Other debt subordinated to Lender is not considered as a reduction of this calculation. The Company believes it was in compliance with
this covenant during all relevant months, including as of June 30, 2022 and December 31, 2021, respectively. As of June 30, 2022 we have
drawn approximately $4.8 million of the maximum $6.0 million revolving line of credit, which is available subject to the value of receivables
and inventory that support the line.
The
Senior Facilities contain certain affirmative and negative covenants that limit the ability of the Company, among other things and subject
to certain significant exceptions, to incur debt or liens, make investments, enter into certain mergers, consolidations, and acquisitions,
pay dividends and make other restricted payments, or make capital expenditures exceeding $1,000,000 in the aggregate in any fiscal year.
As
of June 30, 2022 and December 31, 2021, respectively, the term loan balance amounted to $0.5 million and $0.6 million, which consisted
of the principal and interest payable balance of approximately $0.6 million and $0.7 million, respectively, and deferred financing costs
of $0.1 million for each period. The balance of the Revolving Line of Credit as of June 30, 2022 and December 31, 2021 amounted to $4,782,000
and $5,003,000, respectively.
As
of January 1, 2019, the Company had a note payable to John H. Schwan, Director and former Chairman of the Board, for $1.6 million, including
accrued interest. This loan accrues interest, is due December 31, 2023, and is subordinate to the Senior Facilities. During January 2019,
Mr. Schwan converted $600,000 of the note into approximately 181,000 shares of our common stock at the then market rate of $3.32 per
share. As a result of the conversion, the loan balance decreased to $1 million. The loan and interest payable to Mr. Schwan amounted
to approximately $1.2 million as of June 30, 2022 and December 31, 2021, respectively. No payments were made to Mr. Schwan during 2022
or 2021. Interest expense related to this loan amounted to $18,000 and $36,000 for the three and six months ended June 30, 2022, respectively
and $17,000 and $34,000 during the three and six months ended June 30, 2021, respectively.
As
of June 30, 2022 and December 31, 2021, the Company had a note payable to Alex Feng for approximately $0.2 million. This loan accrues
interest at a rate of 3% and is subordinated to the Senior Facilities. In accordance with the subordination agreement, payments may be
made beginning April 2022 subject to availability under the revolving line of credit, and the maturity date for this loan is March 2024.
Note
5 - Shareholders’ Equity
Series
A Convertible Preferred Stock
On
January 3, 2020, the Company entered into a stock purchase agreement (as amended on February 24, 2020 and April 13, 2020 (the “LF
Purchase Agreement”)), pursuant to which the Company agreed to issue and sell, and LF International Pte. Ltd., a Singapore private
limited company (“LF International”), which is controlled by Company director, Chairman, President and Chief Executive Officer,
Mr. Yubao Li, agreed to purchase, up to 500,000 shares of the Company’s newly created shares of Series A Preferred Stock (“Series
A Preferred”), with each share of Series A Preferred initially convertible into ten shares of the Company’s common stock,
at a purchase price of $10.00 per share, for aggregate gross proceeds of $5,000,000 (the “LF International Offering”). As
permitted by the Purchase Agreement, the Company may, in its discretion issue up to an additional 200,000 shares of Series A Preferred
for a purchase price of $10.00 per share (the “Additional Shares Offering,” and collectively with the LF International Offering,
the “Offering”). Approximately $1 million of Series A Preferred has been sold, including to an investor which converted an
account receivable of $478,000 owed to the investor by the Company in exchange for 48,200 shares of Series A Preferred. The Company completed
several closings with LF International from January 2020 through June 2020. The majority of the funds received reduced our bank debt.

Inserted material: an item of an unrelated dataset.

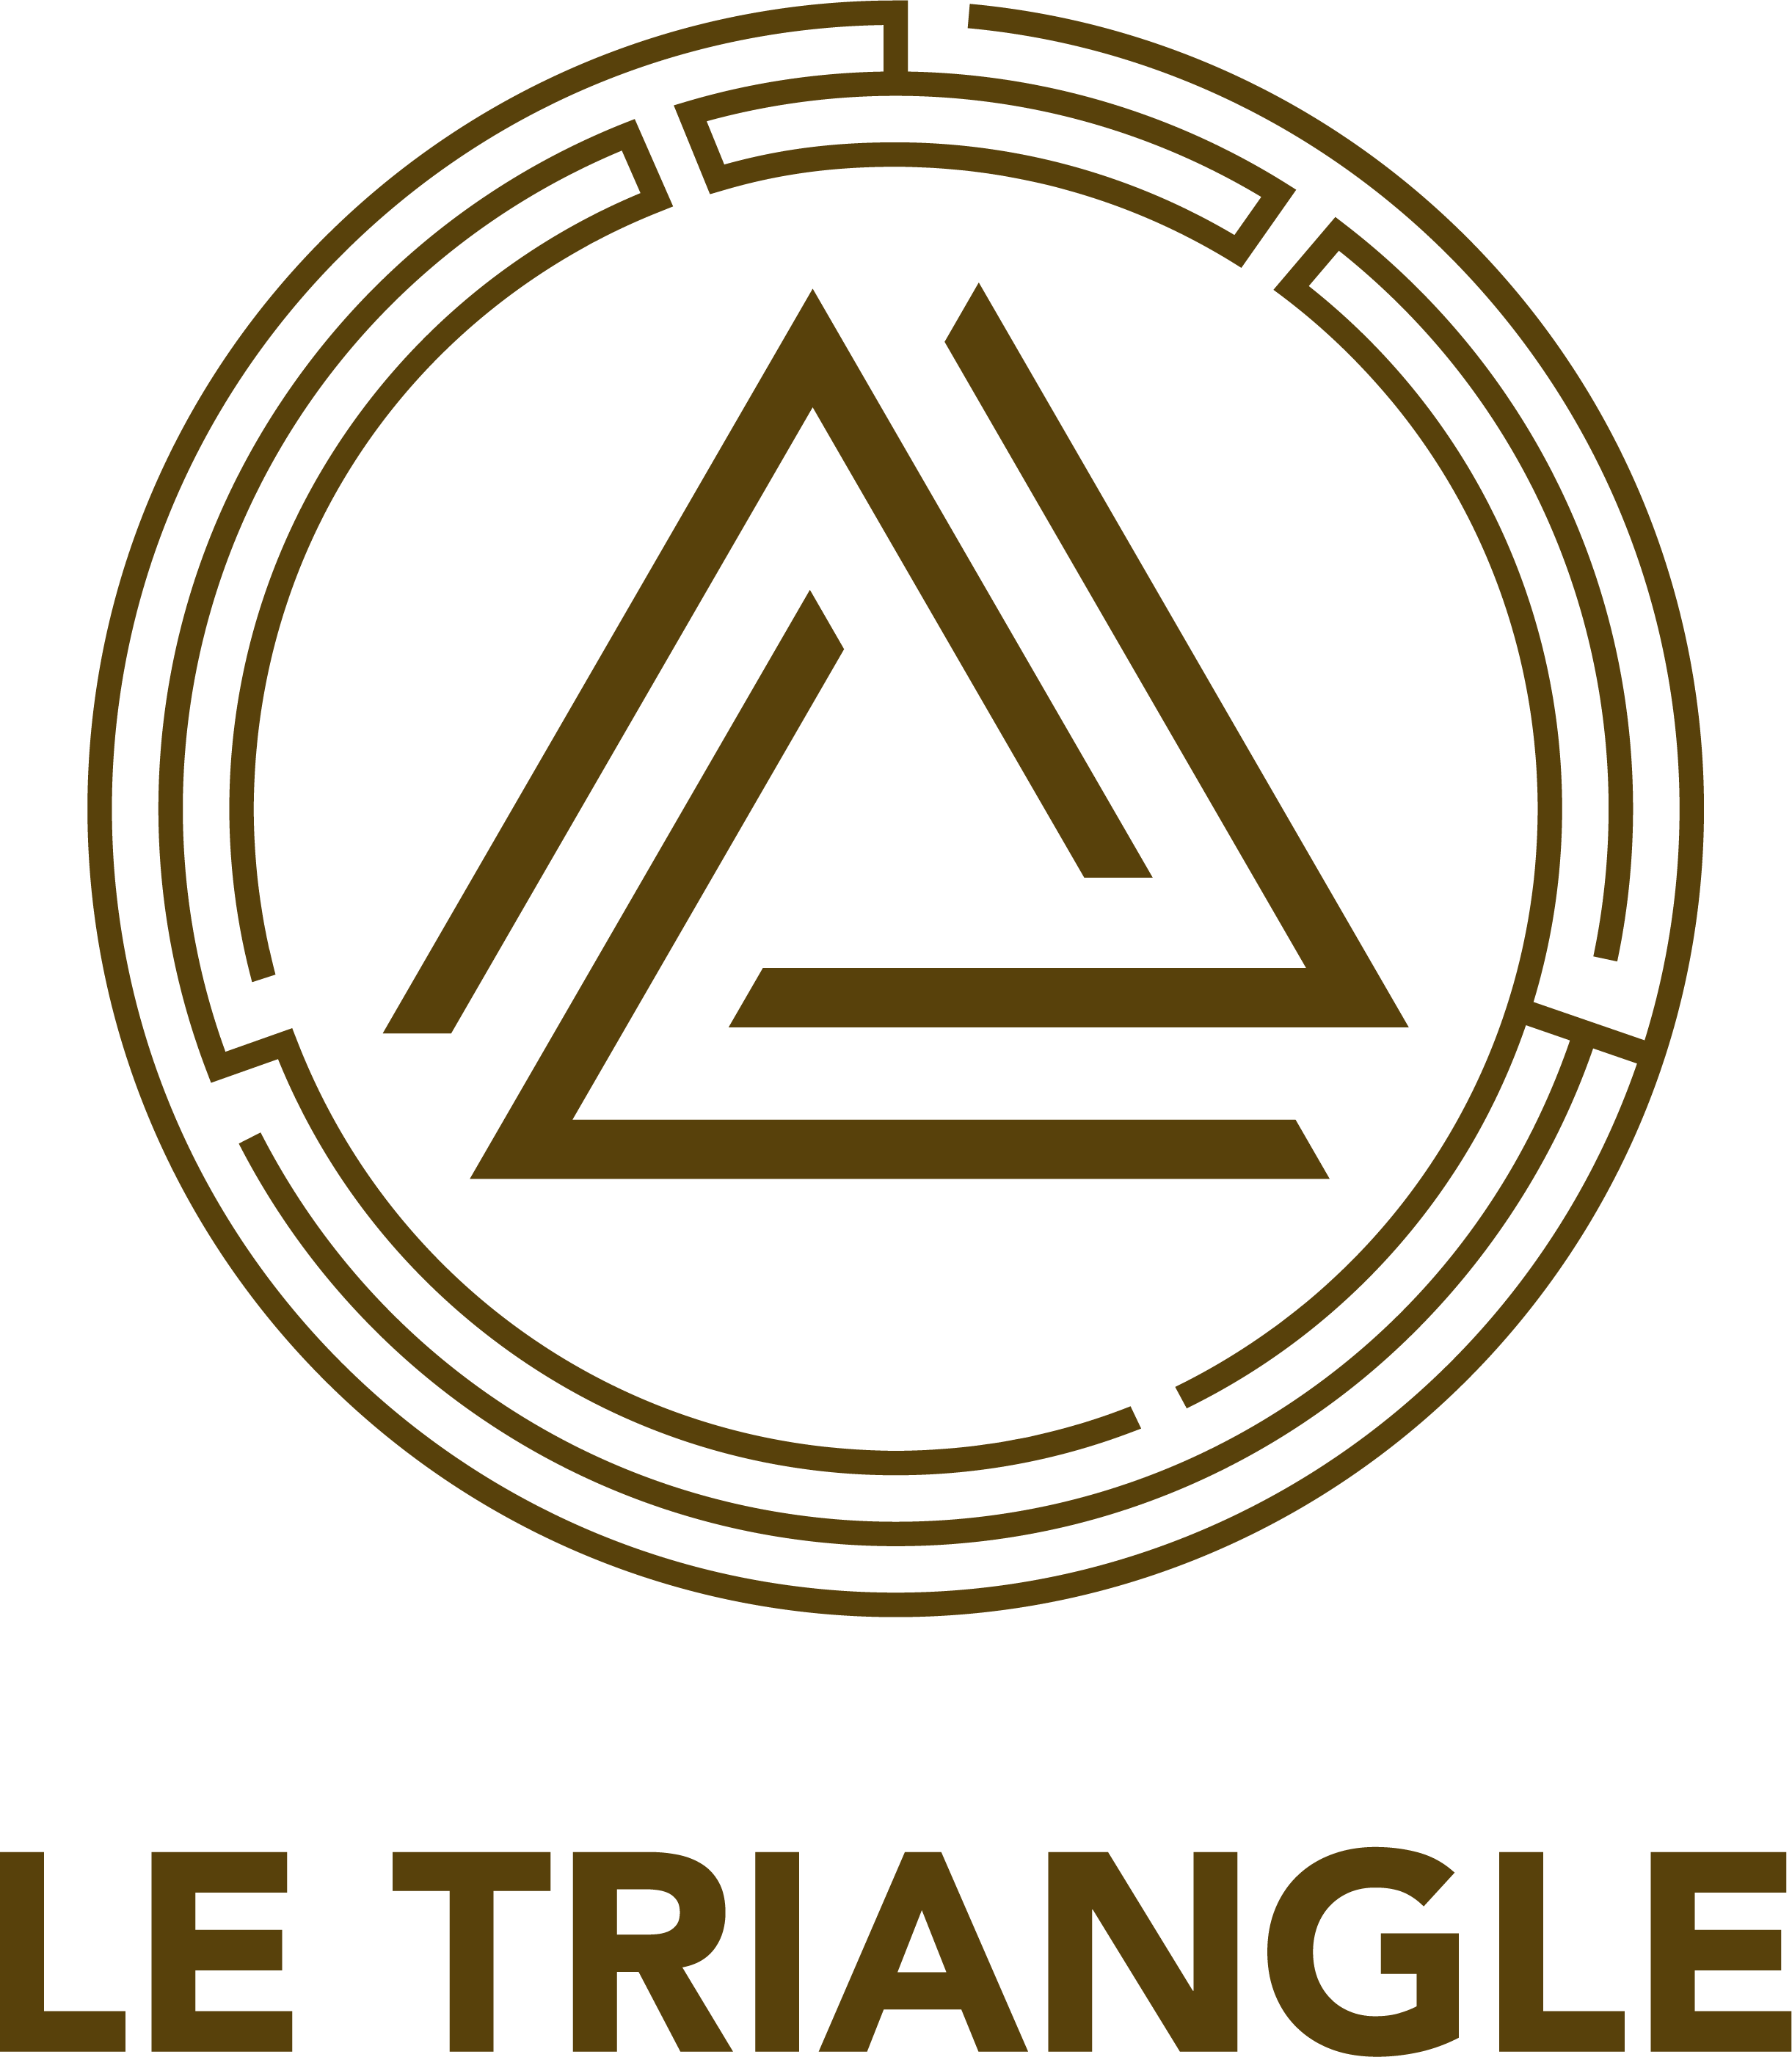 Le Triangle

We issued a total of 400,000 shares of common stock to LF International and, pursuant to the LF Purchase Agreement, changed our name
from CTI Industries Corporation to Yunhong CTI Ltd. LF International has the right to name three directors to serve on our Board. They
were Mr. Yubao Li, Ms. Wan Zhang and Ms. Yaping Zhang. Ms. Wan Zhang and Ms. Yaping Zhang retired from the Board in January 2022.
The
issuance of the Series A Preferred generated a beneficial conversion feature (BCF), which arises when a debt or equity security is issued
with an embedded conversion option that is beneficial to the investor or in the money at inception because the conversion option has
an effective strike price that is less than the market price of the underlying stock at the commitment date. The fair value of the common
stock into which the Series A Preferred was convertible exceeded the allocated purchase price fair value of the Series A Preferred Stock
at the closing dates by approximately $2.5 million as of the closing dates. We recognized this BCF by allocating the intrinsic value
of the conversion option, to additional paid-in capital, resulting in a discount on the Series A Preferred. As the Series A Preferred
is immediately convertible, the Company accreted the discount on the date of issuance. The accretion was recognized as dividend equivalents.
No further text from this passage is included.